Required action: Please transcribe exactly the lines from the line holding "Miner Clipart Miner-Miner Clipart Miner-18" through the end of the data below, and skip any pictures.

Source data:
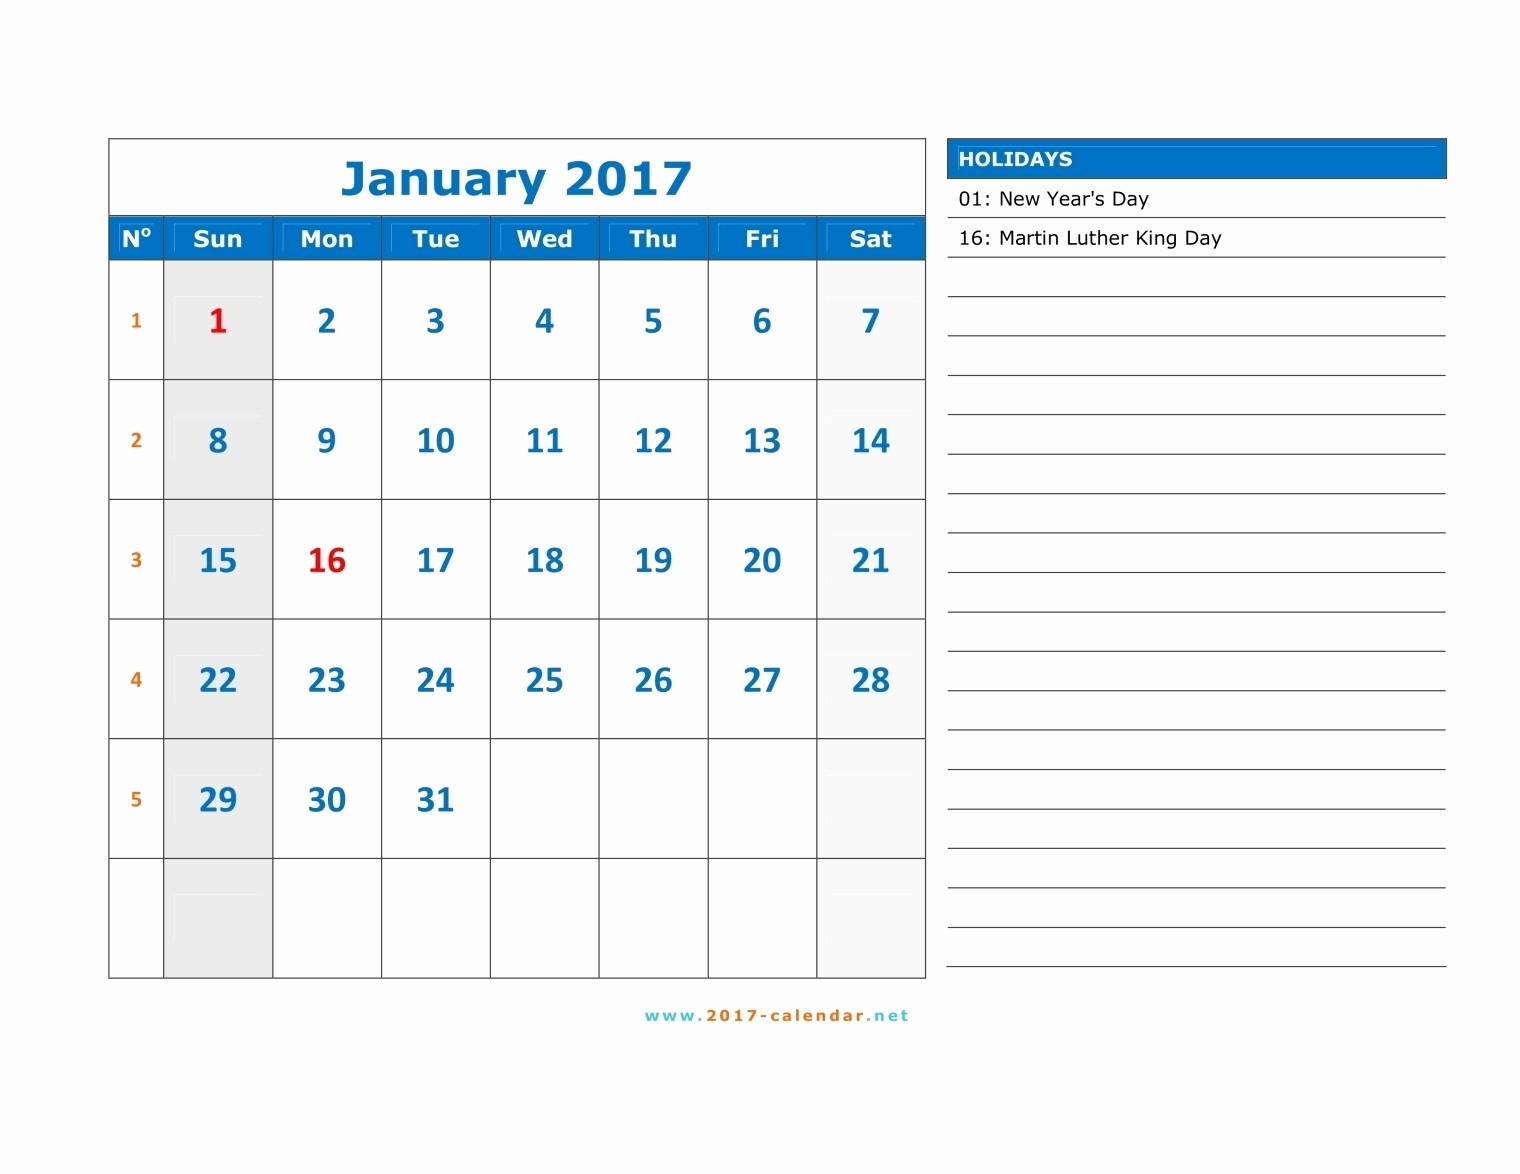 Printable 3 Month Calendar 2017 Beautiful 3 Month Calendar View 2017 2017
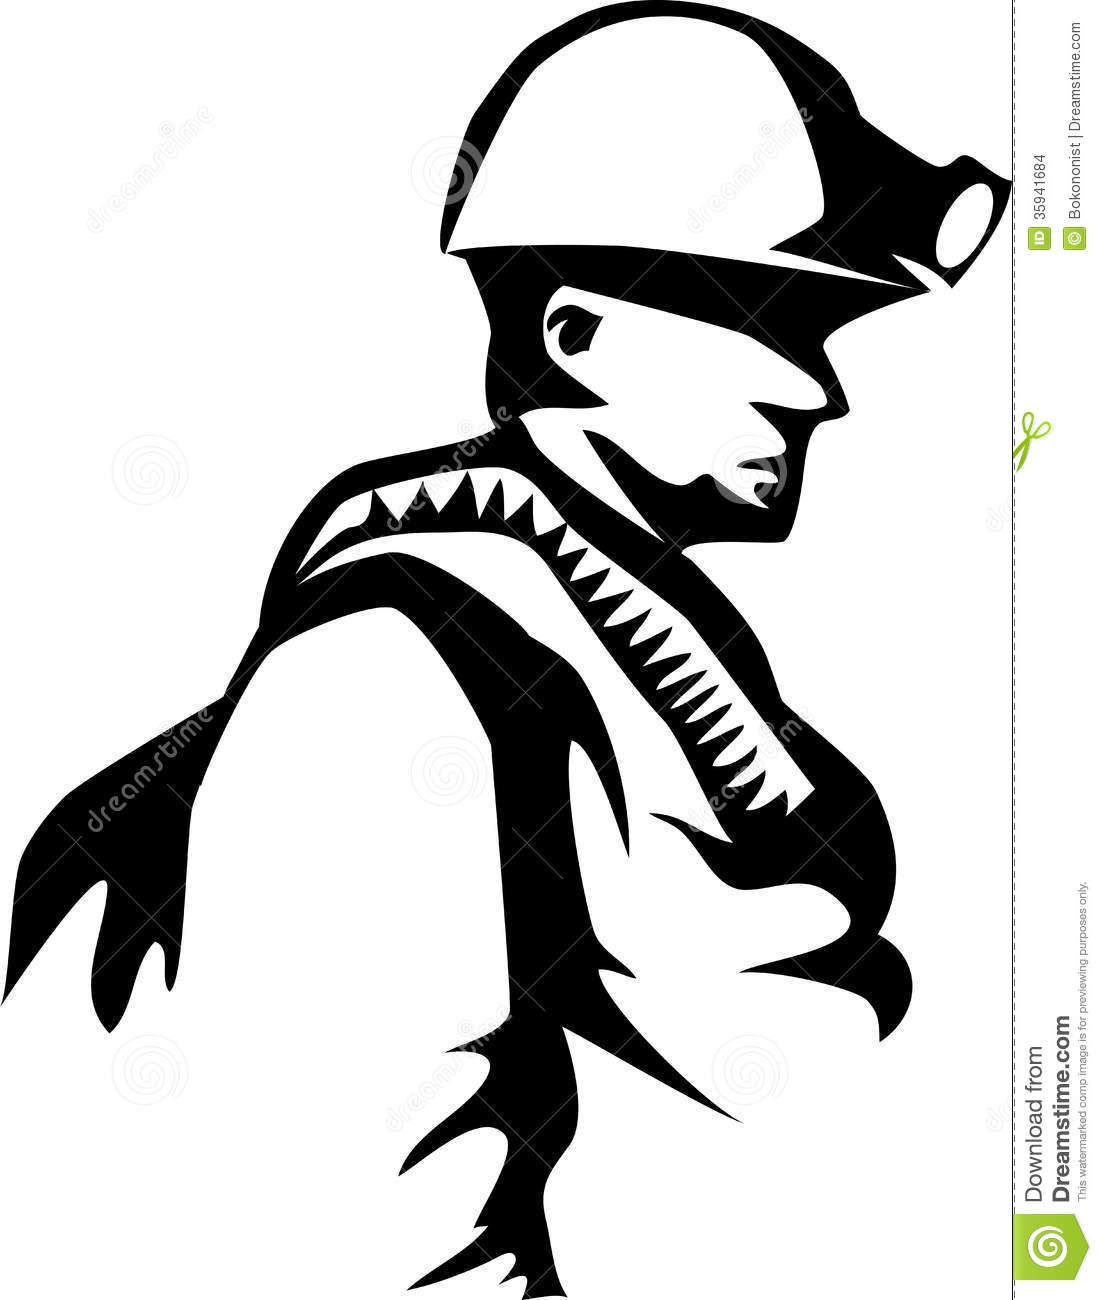 Miner Clipart Miner-Miner Clipart Miner-18
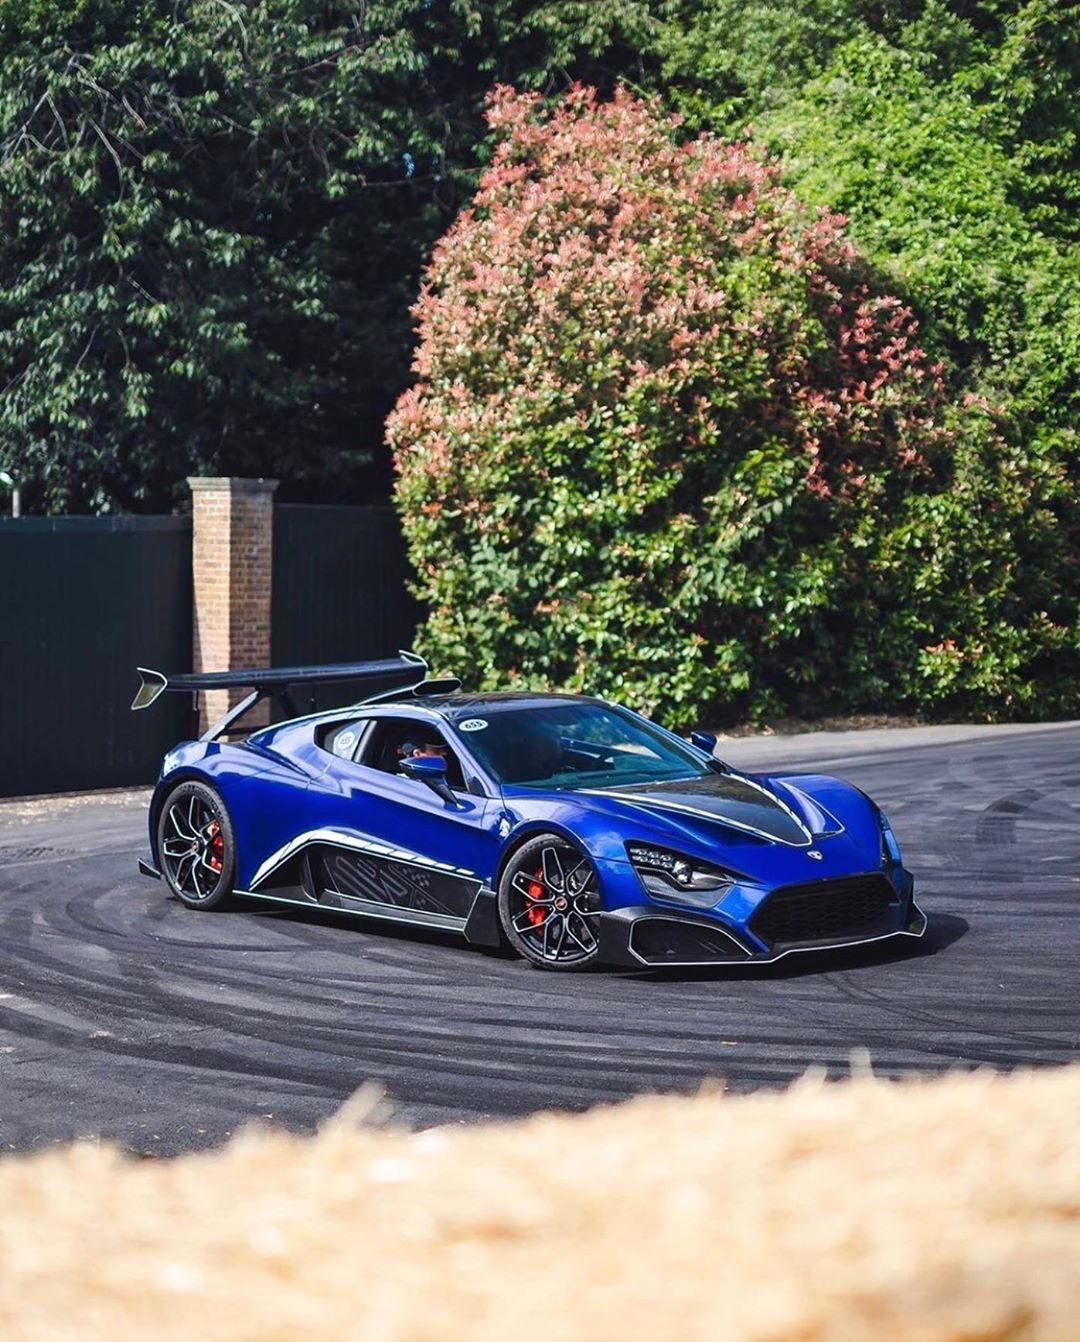 Royal Cars Magazine On Instagram Zenvo Tsr S Hot Or Not By Johnyautomotive Use Royalc Car Magazine Super Cars Sports Cars Luxury

Solution for this task:
 Miner Clipart Miner-Miner Clipart Miner-18
 Royal Cars Magazine On Instagram Zenvo Tsr S Hot Or Not By Johnyautomotive Use Royalc Car Magazine Super Cars Sports Cars Luxury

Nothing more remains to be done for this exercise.